**PROVIDED INFORMATION**:
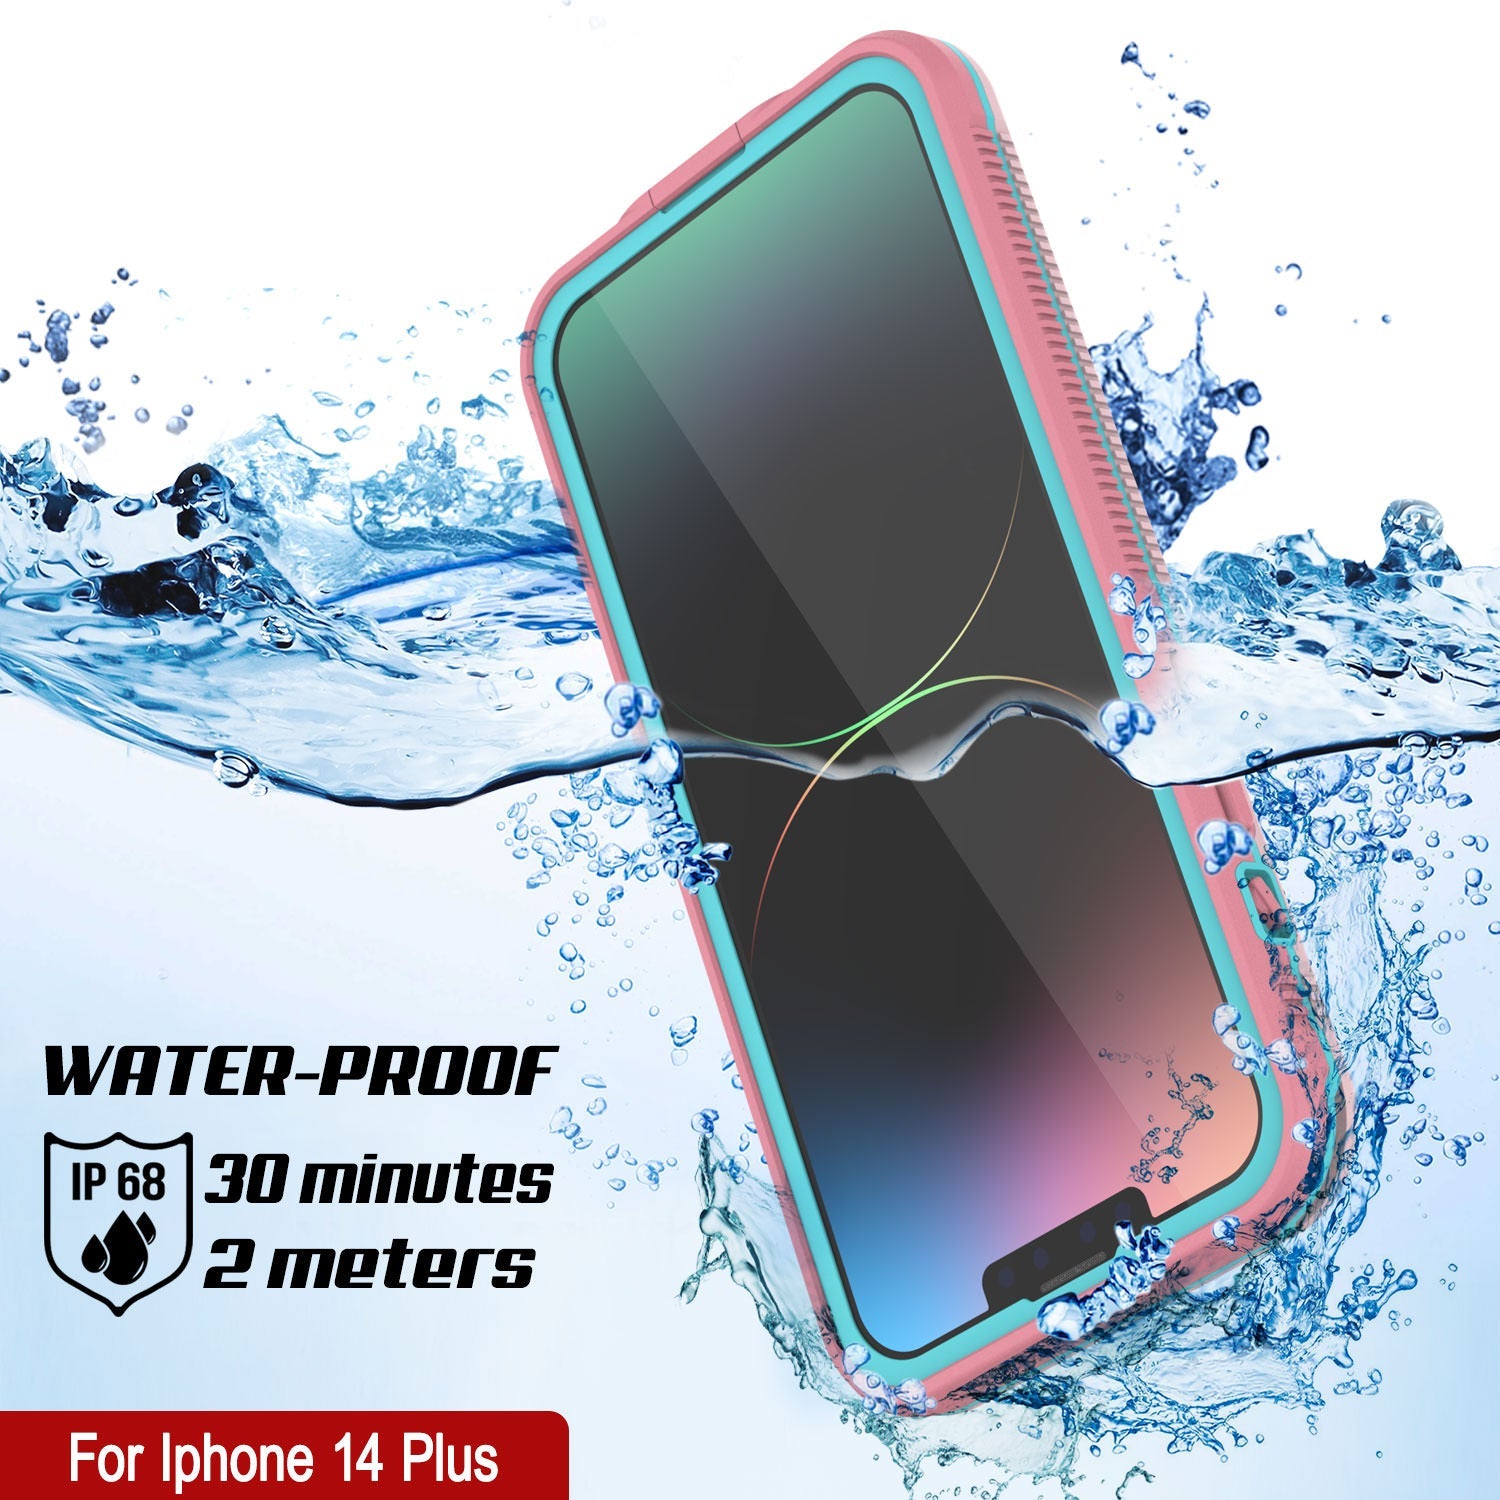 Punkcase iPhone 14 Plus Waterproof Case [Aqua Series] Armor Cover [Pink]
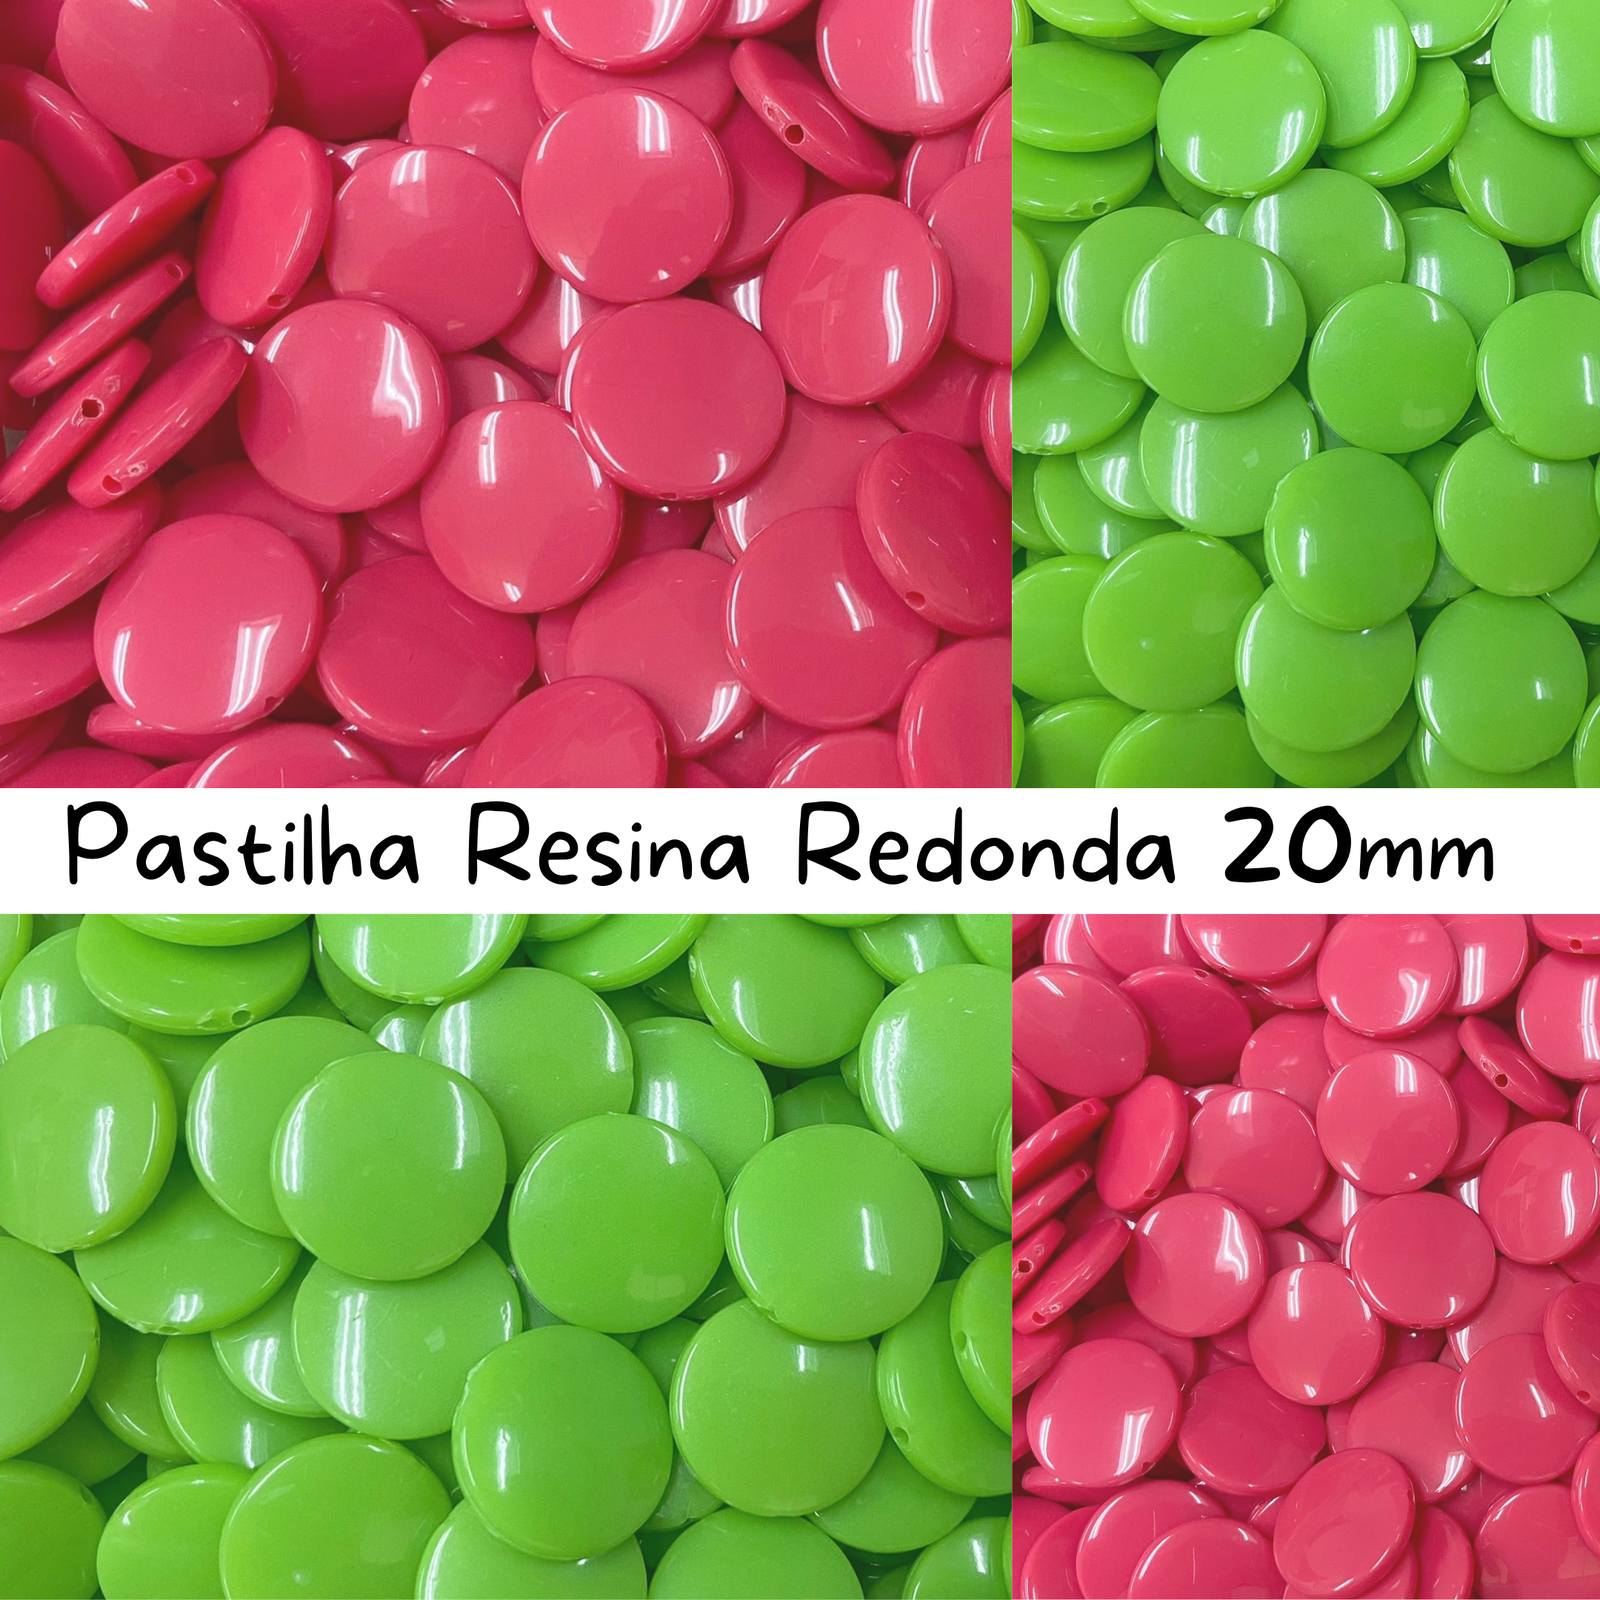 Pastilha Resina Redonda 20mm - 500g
...
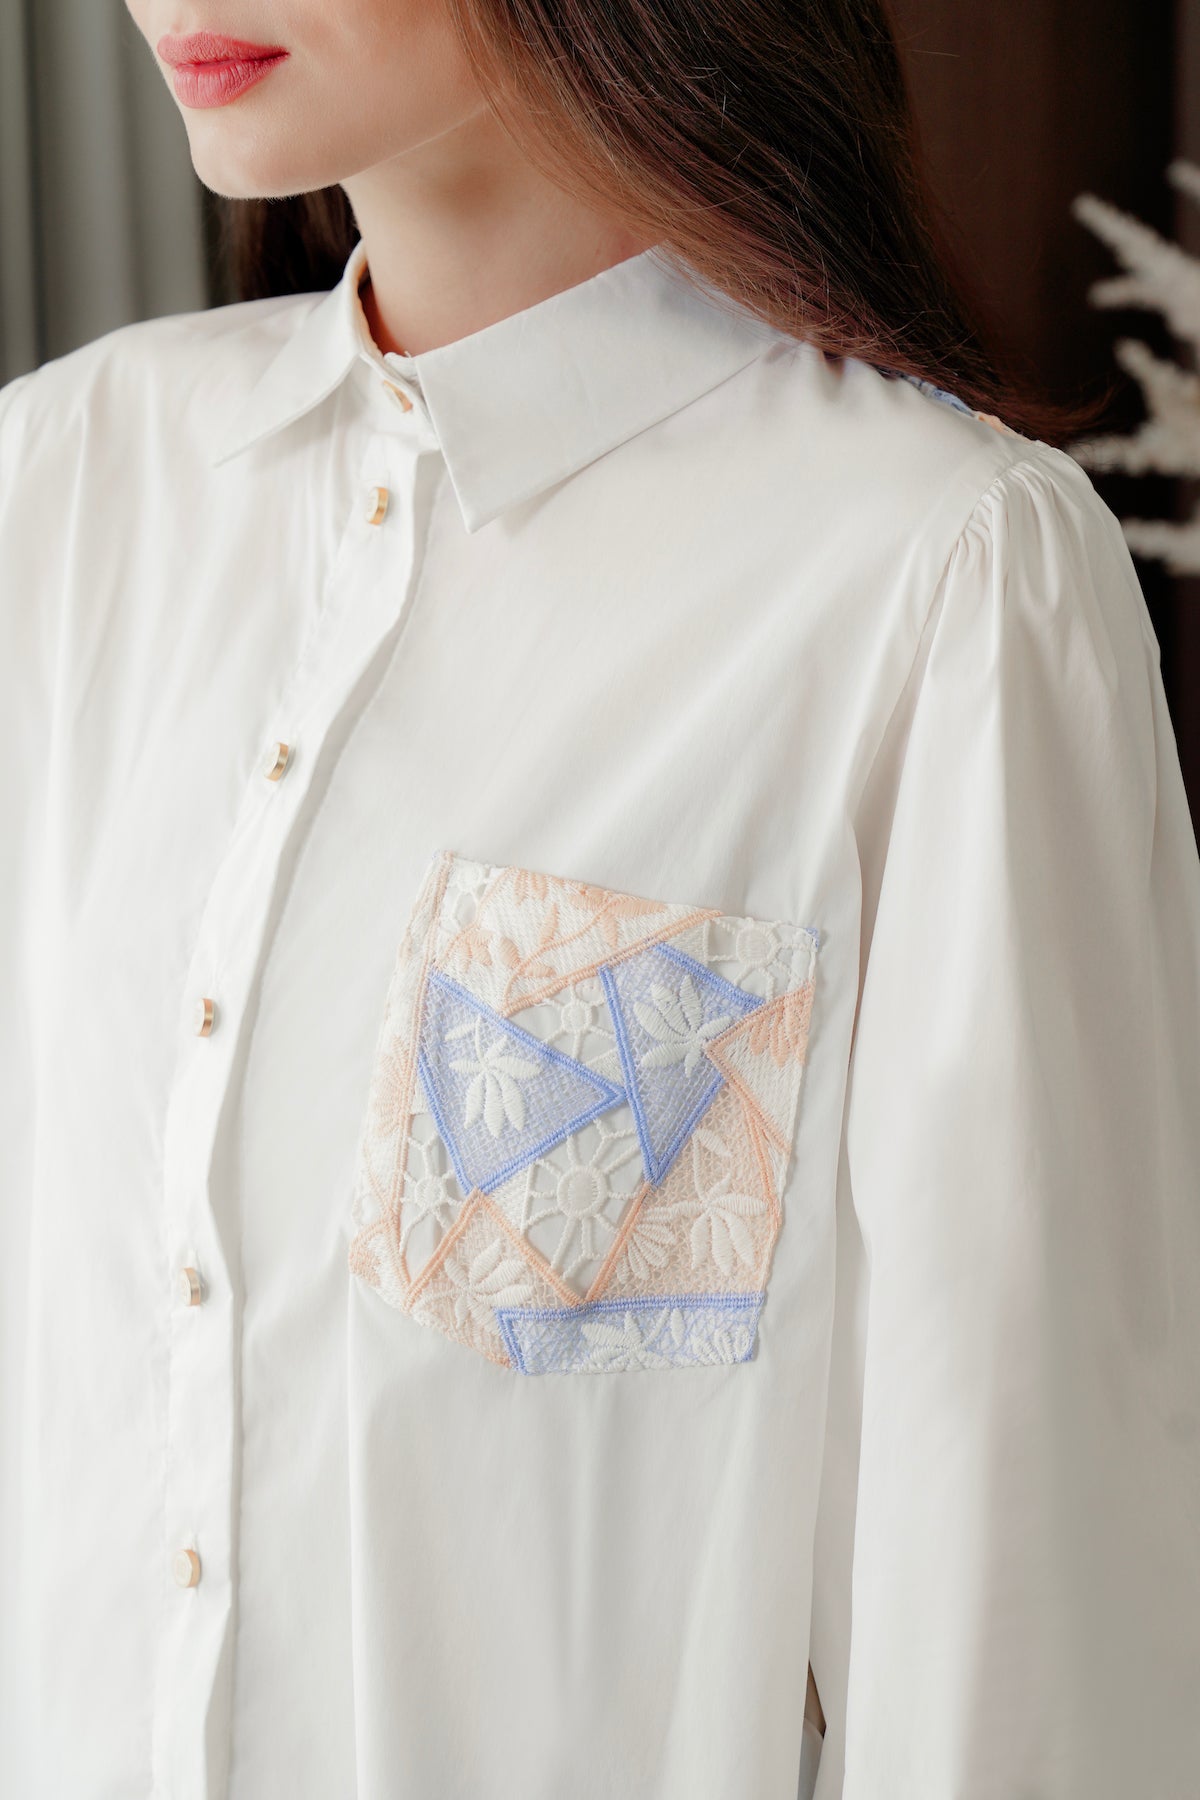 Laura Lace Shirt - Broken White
==
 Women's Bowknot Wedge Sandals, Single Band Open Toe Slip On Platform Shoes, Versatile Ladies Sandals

**WORK ITEM**:
Work from the entries above. Set down exactly and only the lines from the line with "Punkcase iPhone 14" to the line with "Pastilha Resina Redonda 20mm - 500g", both included, and leave the pictures out.

**TASK OUTPUT**:
 Punkcase iPhone 14 Plus Waterproof Case [Aqua Series] Armor Cover [Pink]
 Pastilha Resina Redonda 20mm - 500g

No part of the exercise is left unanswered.